• [Work to complete] Copy out the data in full and exactly, passing over the pictures.

• [Exercise data]

######

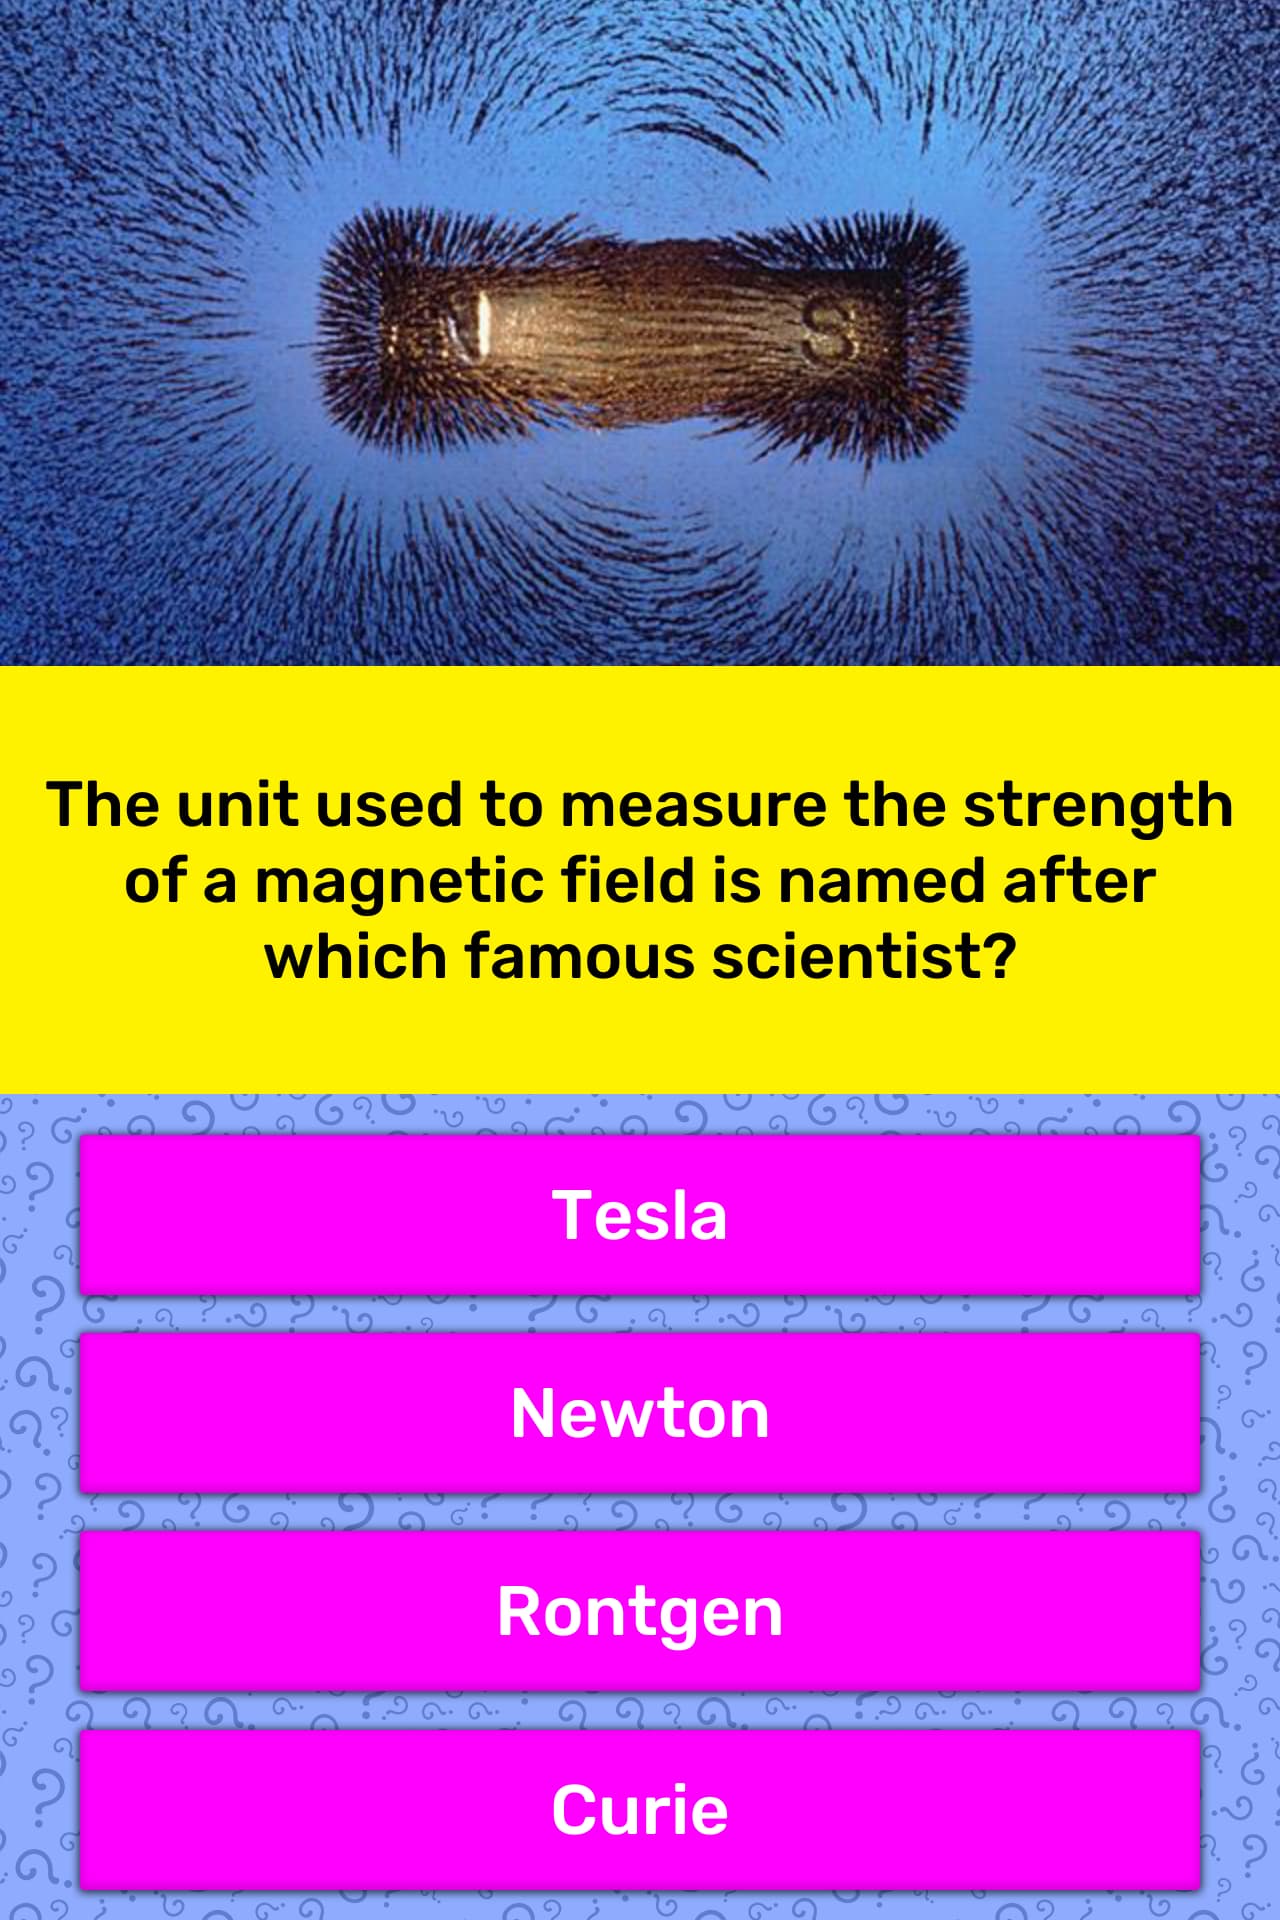 newton unit used to measure
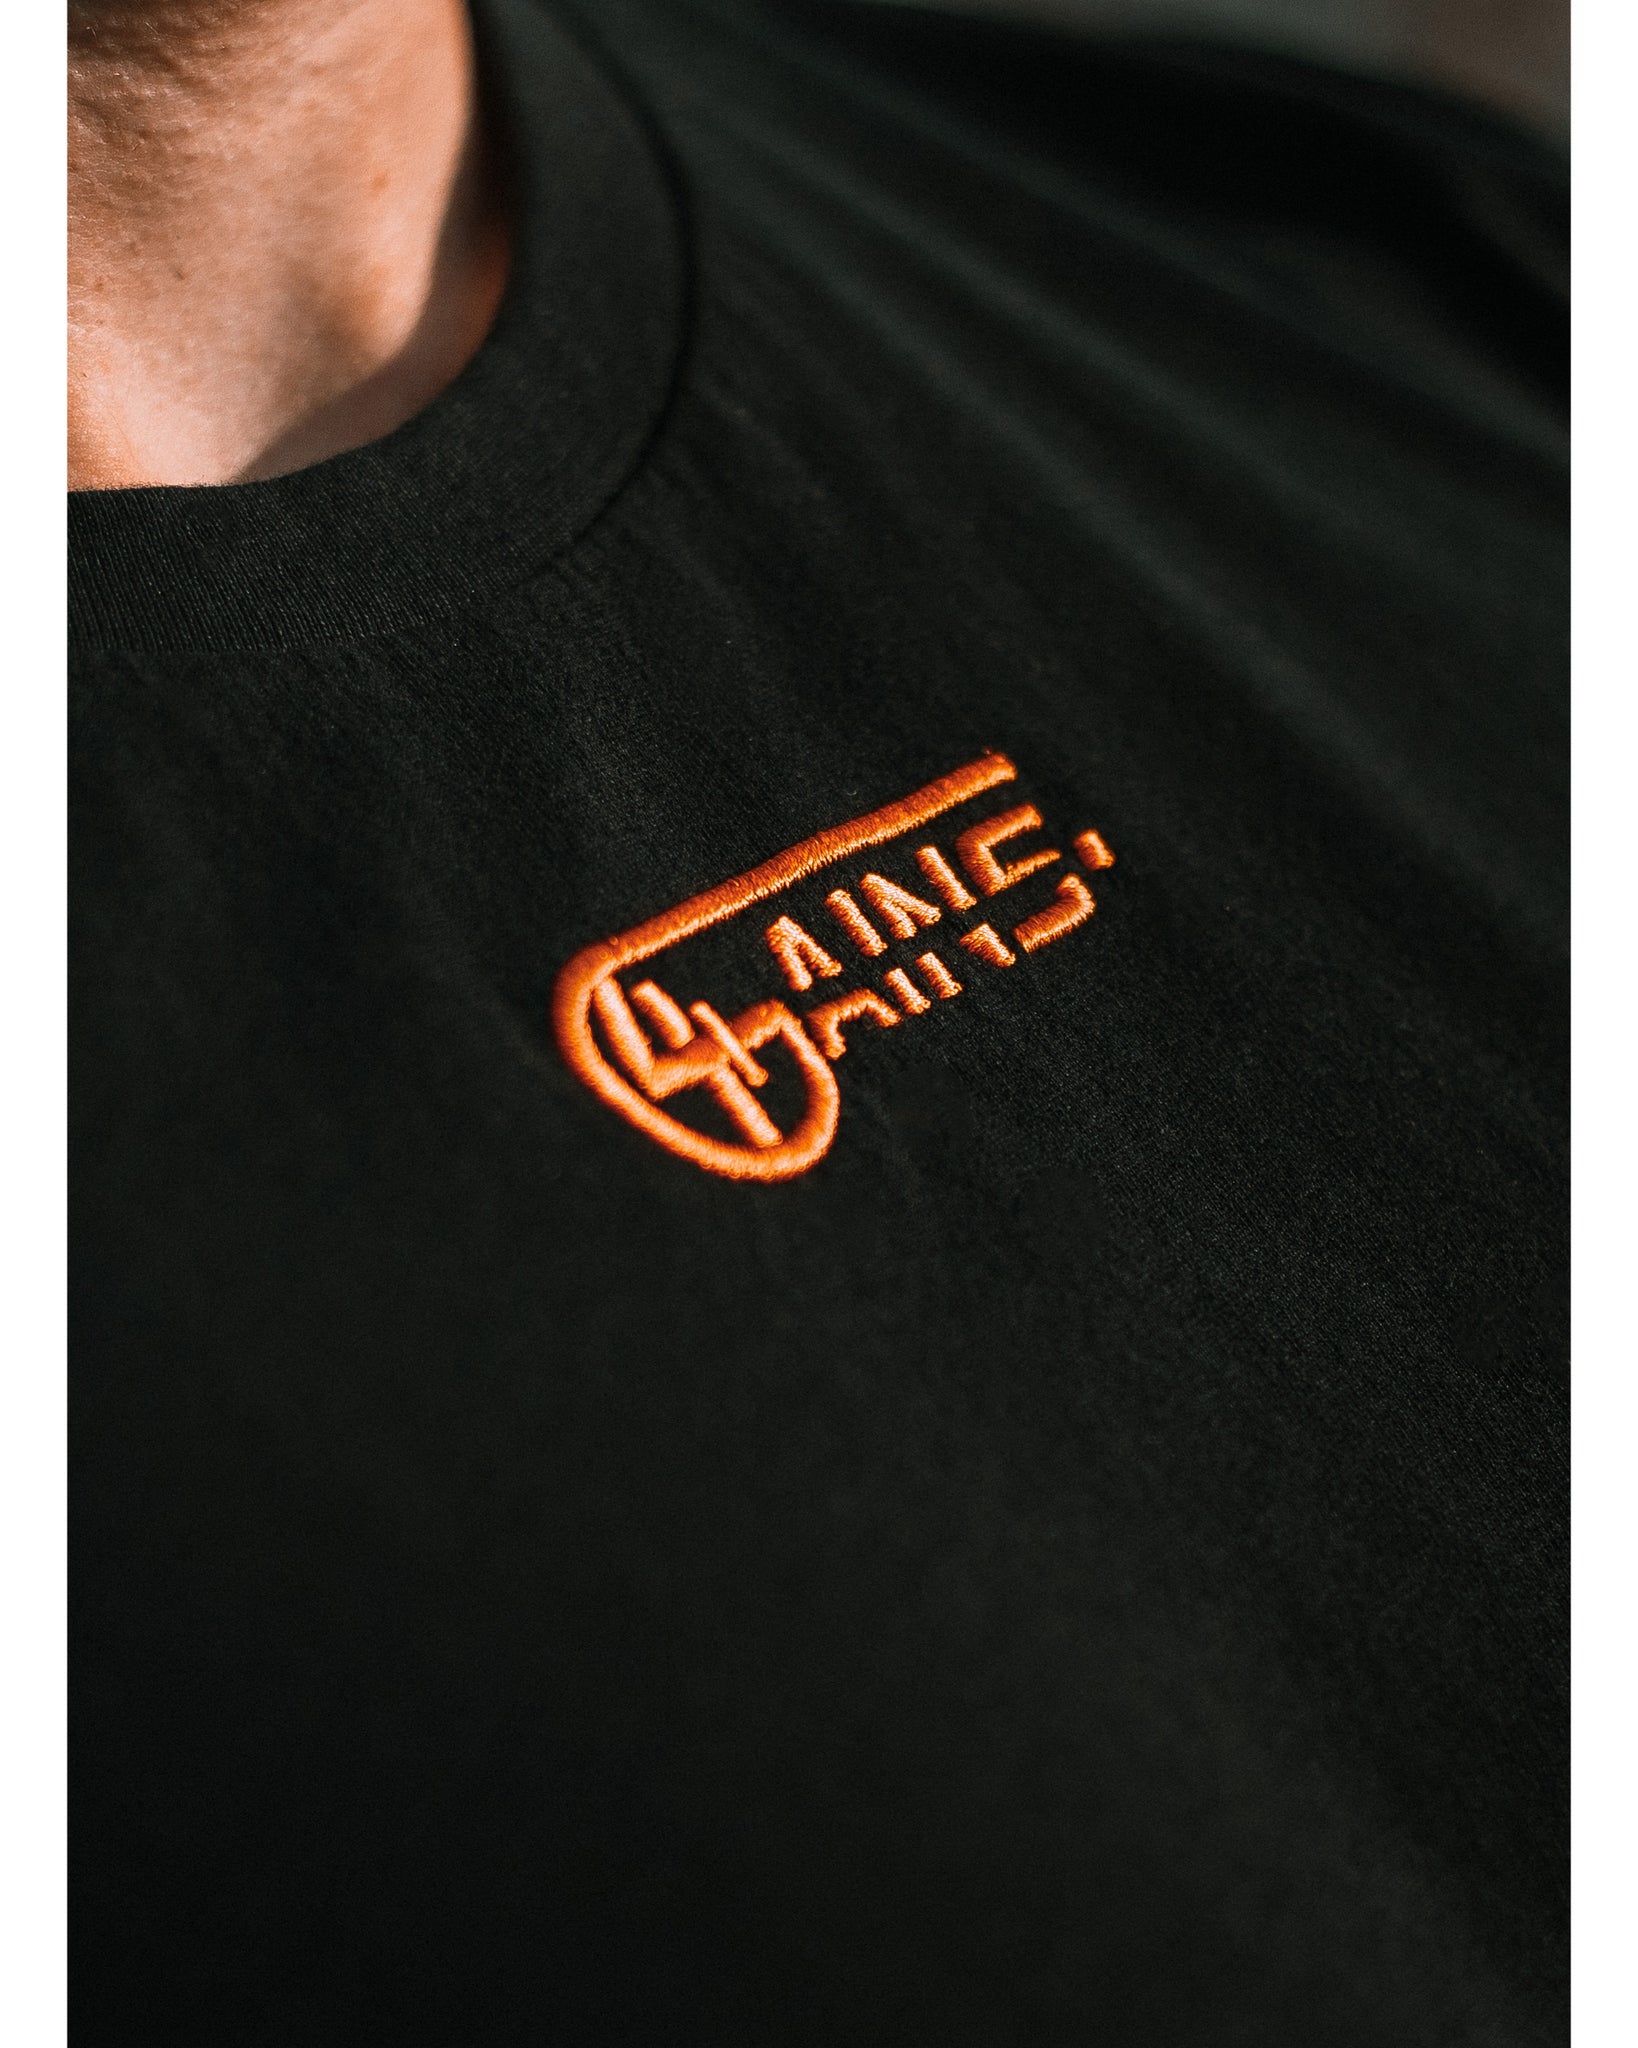 4GAINS basic unisex T-Shirt in black/orange
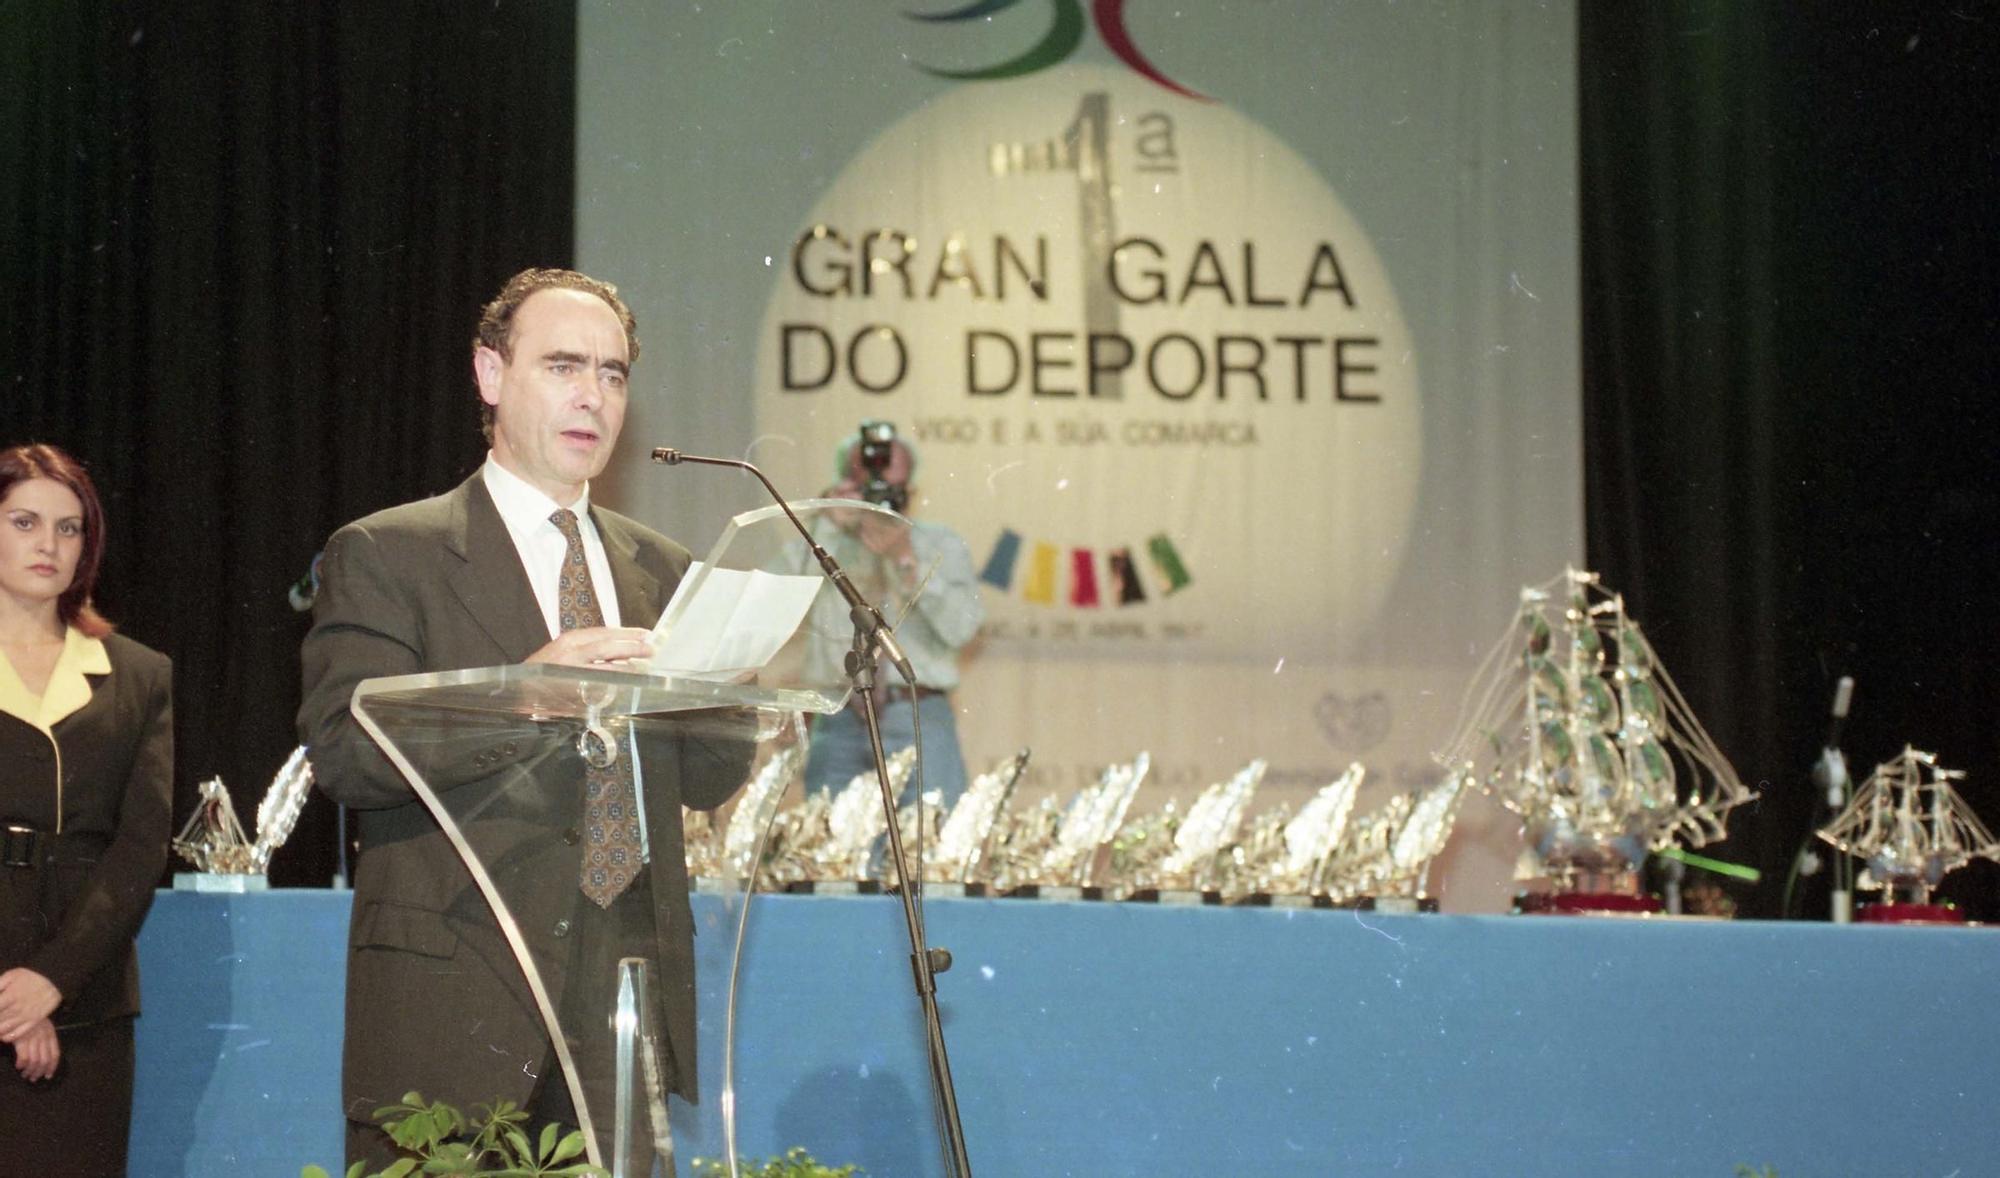 Celebración de la primera Gran Gala do Deporte de Vigo e a súa comarca celebrada en el recinto de Cotogrande en 1997 Magar.jpg

######

• [Answer box]
 newton unit used to measure
 4GAINS basic unisex T-Shirt in black/orange
 Celebración de la primera Gran Gala do Deporte de Vigo e a súa comarca celebrada en el recinto de Cotogrande en 1997 Magar.jpg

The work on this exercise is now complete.